• [What to produce]:
Every line from the beginning of the data through the line containing "This is a legend" should be reproduced exactly, and no further lines should be output.

• [Records for processing]:
-------
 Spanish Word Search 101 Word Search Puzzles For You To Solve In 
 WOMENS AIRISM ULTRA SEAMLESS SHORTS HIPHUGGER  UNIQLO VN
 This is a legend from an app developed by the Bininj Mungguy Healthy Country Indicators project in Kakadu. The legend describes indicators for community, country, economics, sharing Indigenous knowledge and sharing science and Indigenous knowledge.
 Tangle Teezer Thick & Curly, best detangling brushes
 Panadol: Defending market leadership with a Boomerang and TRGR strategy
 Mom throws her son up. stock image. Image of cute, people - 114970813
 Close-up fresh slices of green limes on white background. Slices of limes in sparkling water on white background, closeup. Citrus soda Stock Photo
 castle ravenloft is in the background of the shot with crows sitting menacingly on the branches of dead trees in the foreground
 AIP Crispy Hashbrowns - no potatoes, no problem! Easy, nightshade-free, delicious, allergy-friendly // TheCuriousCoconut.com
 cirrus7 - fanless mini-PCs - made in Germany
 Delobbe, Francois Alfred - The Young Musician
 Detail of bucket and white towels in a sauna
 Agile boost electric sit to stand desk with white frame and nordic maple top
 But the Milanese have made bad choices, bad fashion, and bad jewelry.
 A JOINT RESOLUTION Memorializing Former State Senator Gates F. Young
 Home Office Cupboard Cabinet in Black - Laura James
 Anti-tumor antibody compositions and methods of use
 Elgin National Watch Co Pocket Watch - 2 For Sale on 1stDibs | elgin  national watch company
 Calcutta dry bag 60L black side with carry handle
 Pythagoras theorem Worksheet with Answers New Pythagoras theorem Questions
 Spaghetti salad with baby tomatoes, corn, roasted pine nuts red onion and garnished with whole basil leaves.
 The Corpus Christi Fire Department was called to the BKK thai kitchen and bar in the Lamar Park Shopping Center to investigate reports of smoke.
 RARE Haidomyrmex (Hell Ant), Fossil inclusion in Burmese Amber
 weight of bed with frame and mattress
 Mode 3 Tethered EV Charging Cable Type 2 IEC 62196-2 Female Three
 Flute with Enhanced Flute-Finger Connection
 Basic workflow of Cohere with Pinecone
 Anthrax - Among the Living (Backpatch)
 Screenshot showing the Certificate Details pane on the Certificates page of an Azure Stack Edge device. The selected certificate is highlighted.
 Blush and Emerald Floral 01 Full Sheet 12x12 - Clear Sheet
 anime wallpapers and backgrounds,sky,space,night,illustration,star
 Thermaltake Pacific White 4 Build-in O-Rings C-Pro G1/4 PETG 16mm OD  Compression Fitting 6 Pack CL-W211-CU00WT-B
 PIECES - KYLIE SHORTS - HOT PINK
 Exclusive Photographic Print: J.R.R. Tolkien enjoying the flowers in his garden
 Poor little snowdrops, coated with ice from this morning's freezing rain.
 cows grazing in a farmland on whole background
-------
• [Output below]:
 Spanish Word Search 101 Word Search Puzzles For You To Solve In 
 WOMENS AIRISM ULTRA SEAMLESS SHORTS HIPHUGGER  UNIQLO VN
 This is a legend from an app developed by the Bininj Mungguy Healthy Country Indicators project in Kakadu. The legend describes indicators for community, country, economics, sharing Indigenous knowledge and sharing science and Indigenous knowledge.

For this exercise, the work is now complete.